Тем не менее 30 октября «Царь-бомба» — самая большая в истории — была взорвана на Новой Земле. Из-за своих размеров она не помещалась в бомбоотсек самолета — пришлось обрезать часть фюзеляжа, но бомба все равно торчала наружу. Тогда ее прикрепили к дну самолета, и борт с термоядерным грузом поднялся в небо. Когда бомба полетела к земле, над ней раскрылся парашют поистине исполинских размеров.

Детонация произошла в воздухе. Все здания в радиусе 120 км сравняло с землей, а в домах, находившихся более чем в 800 км от эпицентра, выбило стекла; по мощности заряд в десять раз превосходил все взрывчатые вещества Второй мировой войны, вместе взятые. Беременные женщины на другом конце планеты пили йод в попытке уберечь будущих детей от врожденных патологий. О взрыве писали передовицы мировых газет. Радиоактивное облако прошло над всей Европой, слегка задев даже набоковский Монтрё.

Началась бешеная дипломатическая активность, политическое давление на СССР усилилось в разы. Только спустя неделю остервенелая бомбардировка Новой Земли прекратилась. Через месяц Набоков отправил издателю рукопись волшебного романа о северном королевстве под названием Зембла. Следующей весной «Бледный огонь» появился на полках магазинов.

По иронии судьбы СССР временно перенес испытания на полигон в южных областях страны, и в первые месяцы после публикации «Бледного огня» взрывы на Новой Земле не гремели. Намеки на бомбежку арктического архипелага, которые осенью 1961 года могли показаться очевидными, еще не один десяток лет ускользали от внимания критиков. Мостик, соединявший Земблу с реальной Новой Землей, оказался разрушен. А читателям, бившимся над загадкой «Бледного огня», даже не пришло в голову поинтересоваться историей архипелага. Иначе они узнали бы, что Новая Земля печально известна не только как советский ядерный полигон.

6

Через пять дней после того, как «Царь-бомба» зажгла небо над Новой Землей, Александр Солженицын сел на поезд до Москвы, куда вез свой короткий роман. Вместе с миллионами людей в России и за ее пределами он слушал октябрьские речи на XXII съезде Коммунистической партии — и удивлялся.

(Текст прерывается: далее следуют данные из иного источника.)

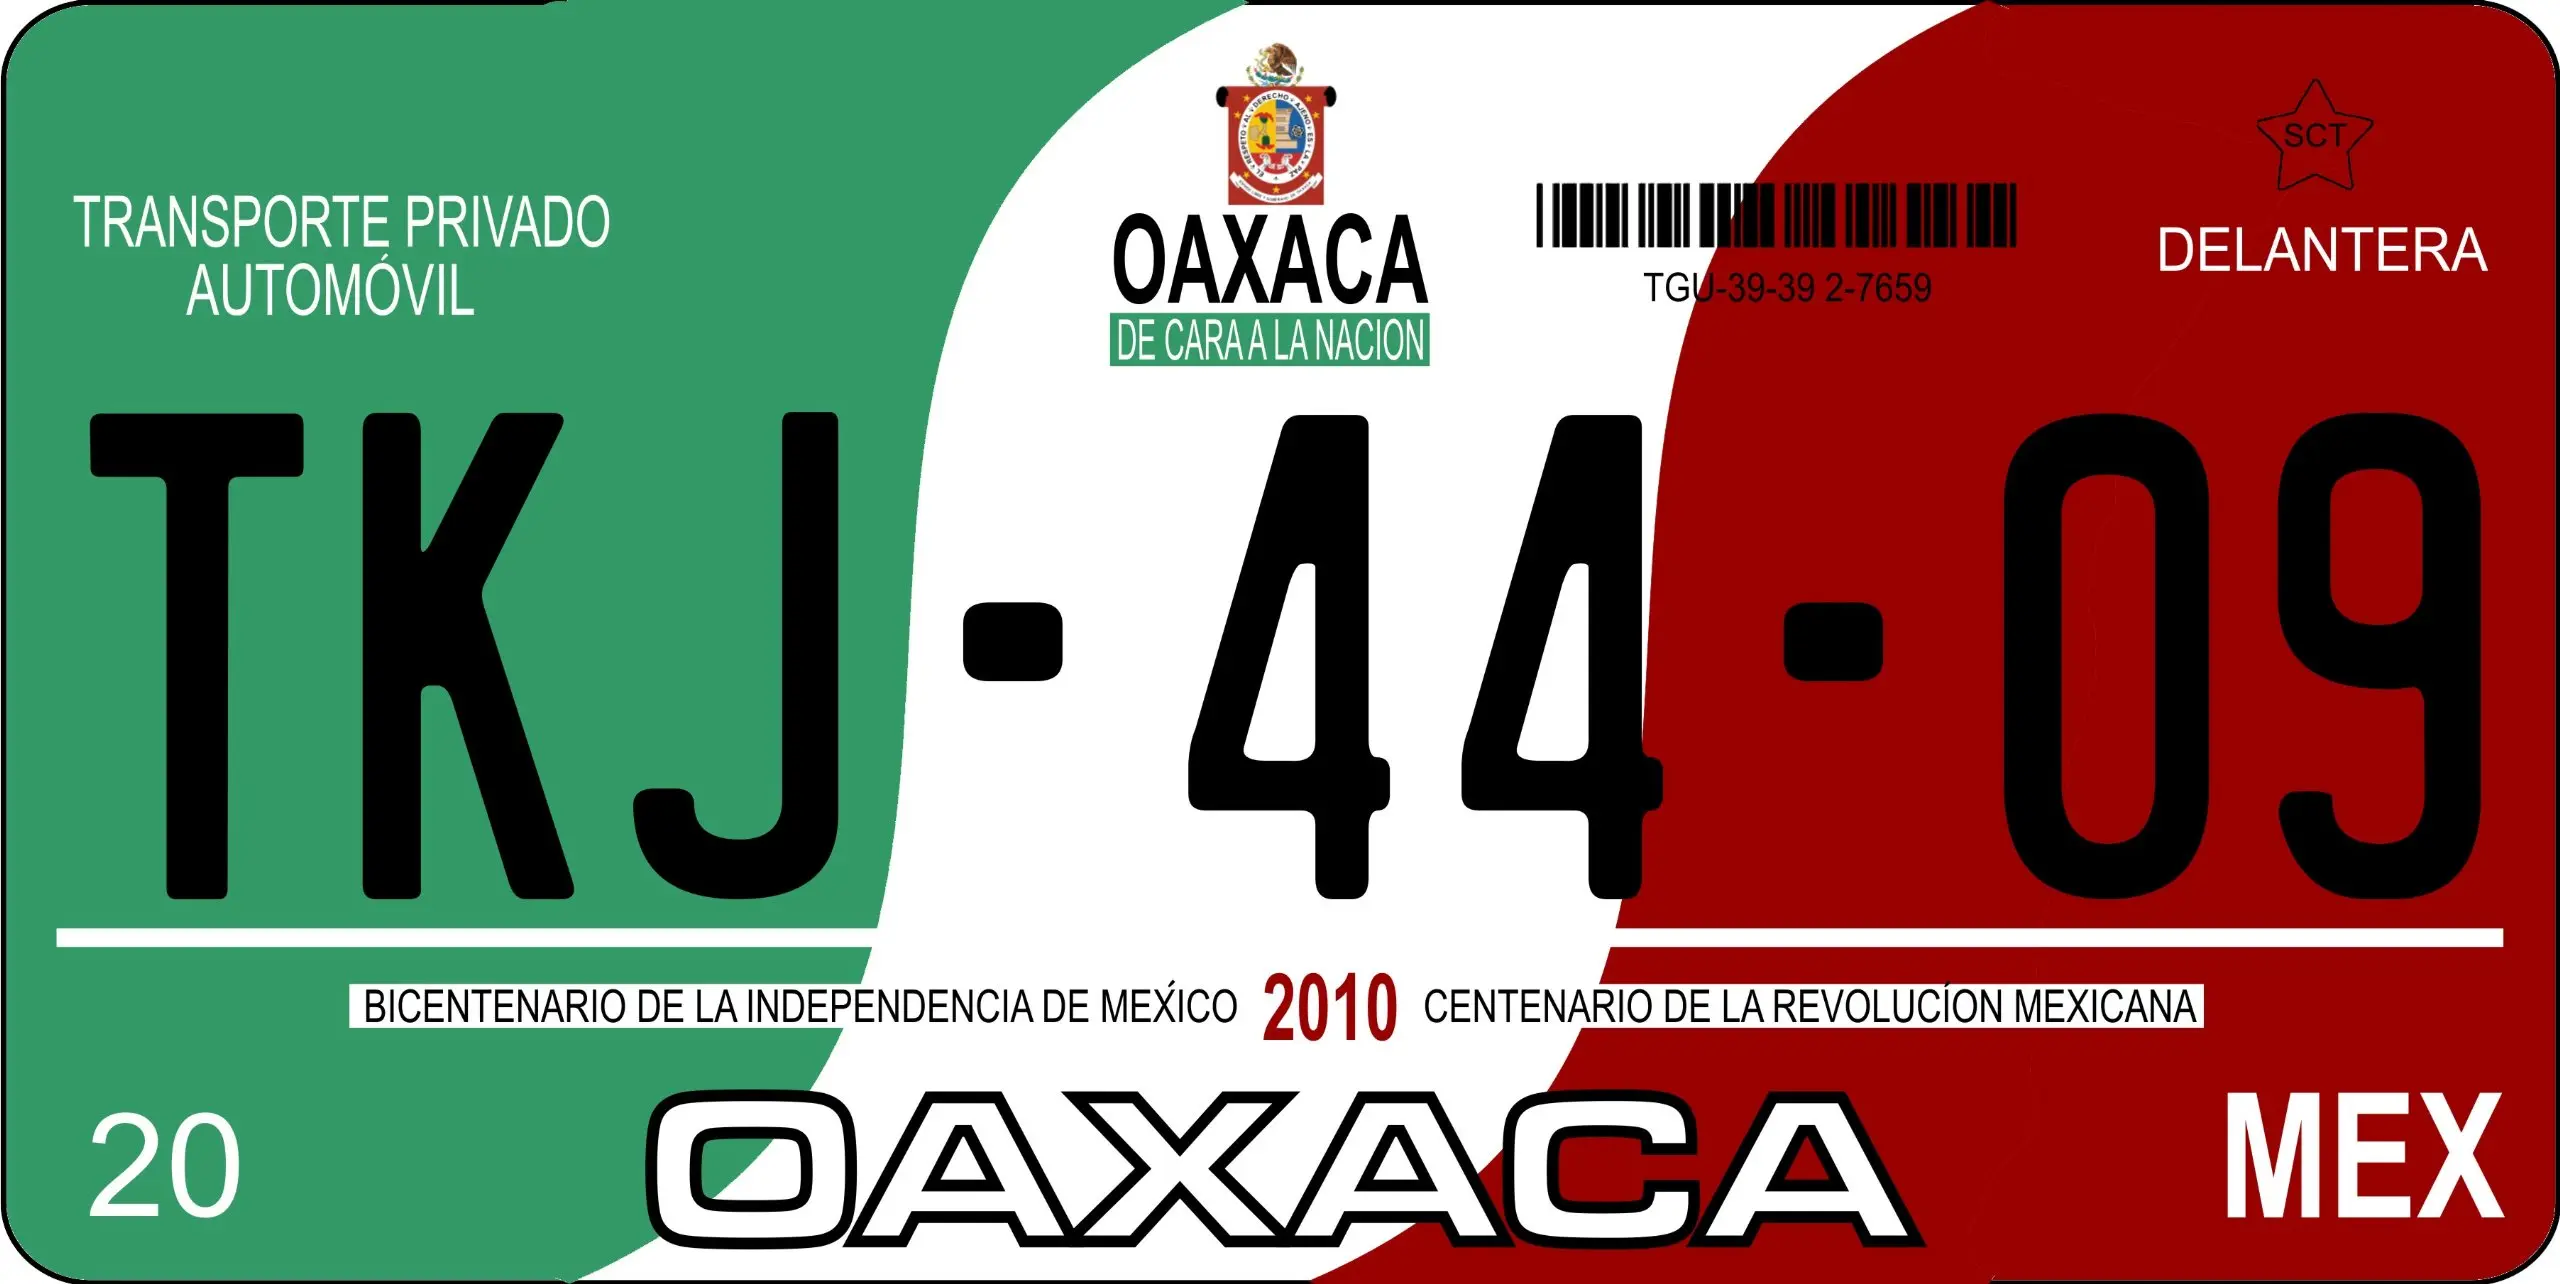 placas de motocicleta oaxaca - Cuánto cuestan las placas de moto en Oaxaca

Однако не угроза Хрущева взорвать чудовищную бомбу потрясла его до глубины души. Ему запомнилась речь Александра Твардовского, главного редактора «Нового мира», в то время самого свободолюбивого советского толстого журнала. На съезде Твардовский объявил, что советская литература научилась восхвалять победы народа, но еще не дала произведения, которое отражало бы его страдания. Александр Трифонович сказал, что ждет литературу «абсолютно правдивую и верную жизни».

Солженицын почти десять лет, проведенных вне лагерей, готовился к этому моменту; срок более чем достаточный, чтобы намучиться страхом нового ареста. Теперь уже не ссыльный, а полноправный гражданин, Солженицын обосновался в Рязани, откуда до Москвы было всего несколько часов езды на поезде, и жил обычной жизнью. Наталья повторно вышла за него замуж. Рак снова дал о себе знать, но врачи с ним успешно справились. И, что самое замечательное, в рамках хрущевской оттепели Солженицына реабилитировали.

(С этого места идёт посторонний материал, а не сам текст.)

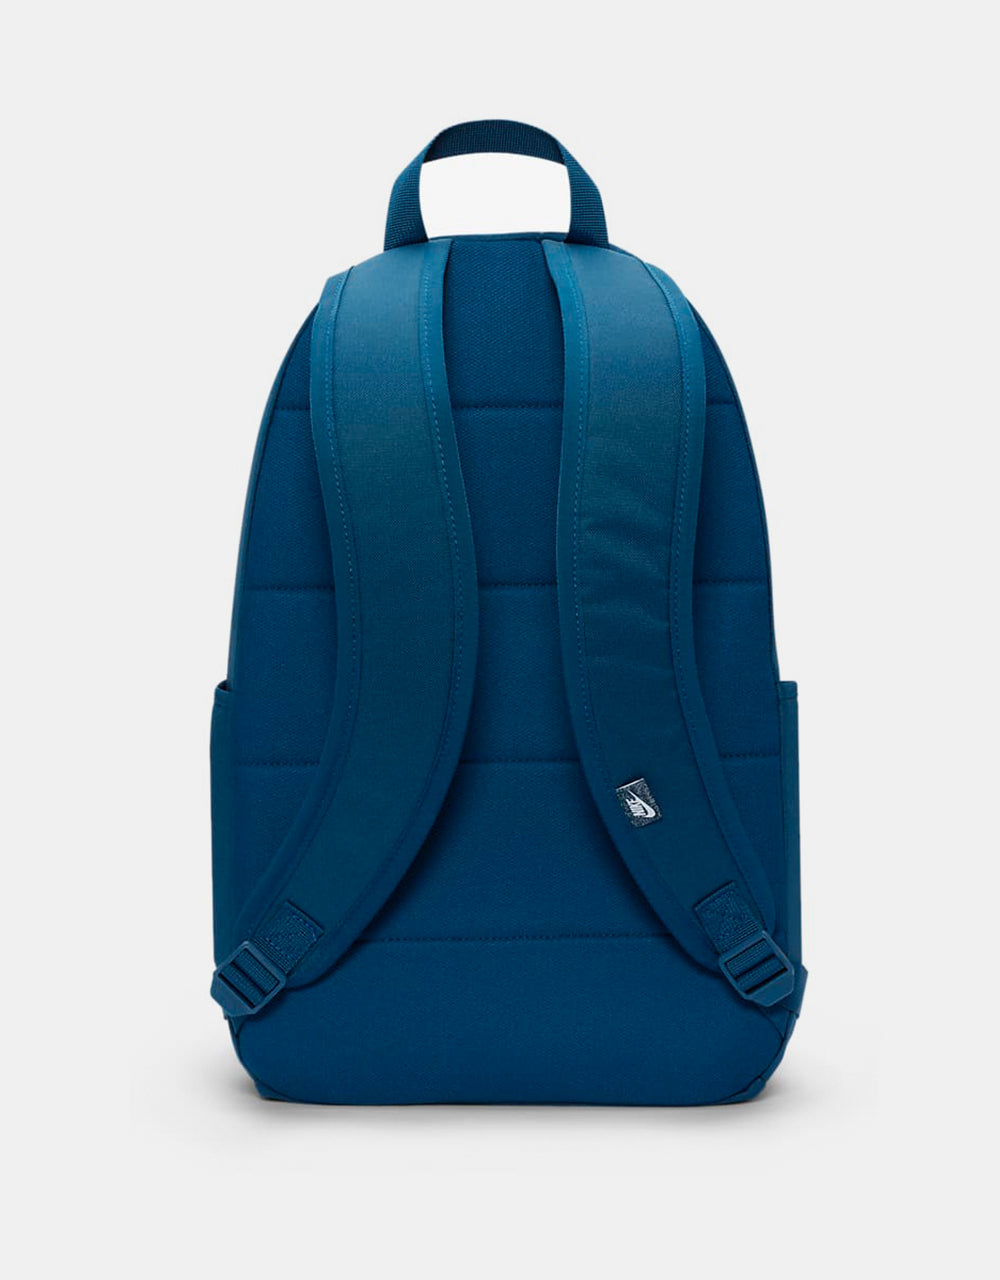 Nike Elemental Backpack - Valerian Blue/Valerian Blue/Light Menta

Многим в те годы вернули свободу и доброе имя, но Солженицын помнил о тех, кому повезло меньше. Он знал место на подъезде к рязанскому вокзалу, где вагоны с заключенными отцепляли от обычных поездов. Читая лекцию по физике в местной исправительной колонии, он невольно думал о тех, кто после его выступления вернется в камеры.

За свою свободную жизнь Александр написал несколько коротких рассказов и миниатюр. Пробовал сочинить пьесу об изменении личности. Трижды пересматривал и редактировал роман «В круге первом» о годах, проведенных в научно-исследовательской «шарашке».

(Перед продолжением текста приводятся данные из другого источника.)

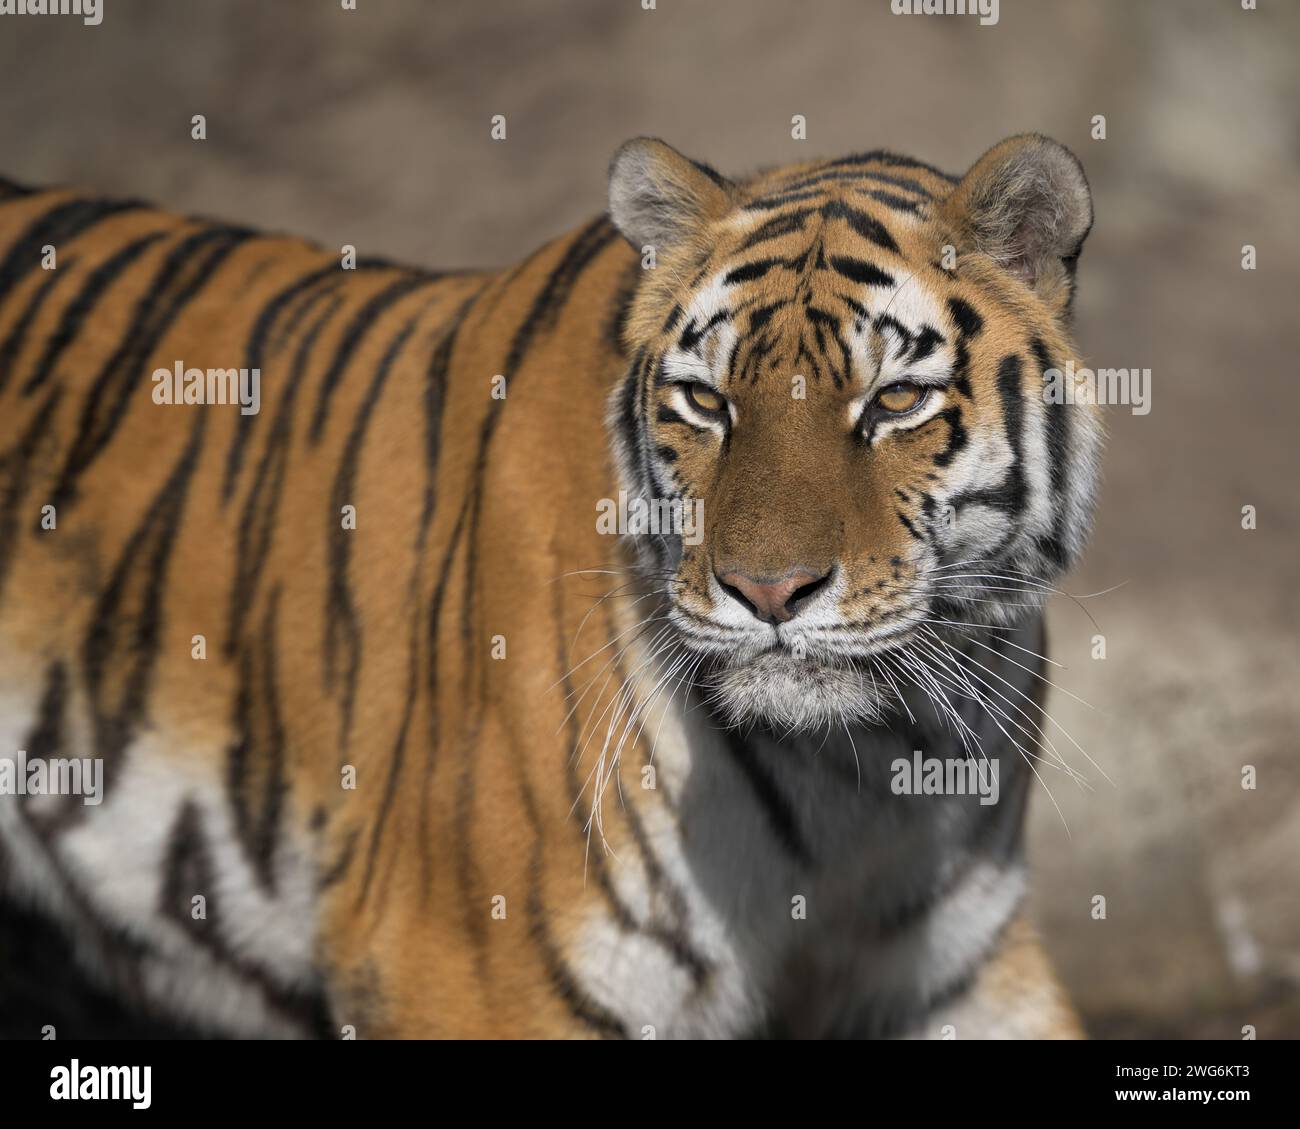 Amur tiger (Panthera tigris altaica) closeup portrait Stock Photo

Солженицыну страстно хотелось печататься, и в его арсенале имелась одна история о трудовом лагере, которая как будто прекрасно подходила для дебюта. Те, кто ее читал, говорили, что это лучшее произведение Александра; один друг даже заплакал. А другой, по слухам, сказал Солженицыну, что в мире есть три атомные бомбы: «Первая у Кеннеди, вторая у Хрущева, а третья у тебя».

Повесть, которая так тронула друзей Солженицына, называлась непритязательно: «Щ-854», по арестантскому номеру героя — Ивана Денисовича Шухова. В ней Солженицын всего-навсего пересказал события одного дня, прожитого человеком в трудовом лагере. Ивана Денисовича минуют самые страшные ситуации лагерной жизни — его не пытают, не насилуют и не казнят. Однако тем сильнее впечатление от обыденной жестокости лагерного существования. Вникая в сложные стратегии, необходимые, чтобы благополучно пережить день от подъема до ужина, читатель приходит к осознанию духовной силы Ивана Денисовича, способного не только существовать, но и оставаться человеком.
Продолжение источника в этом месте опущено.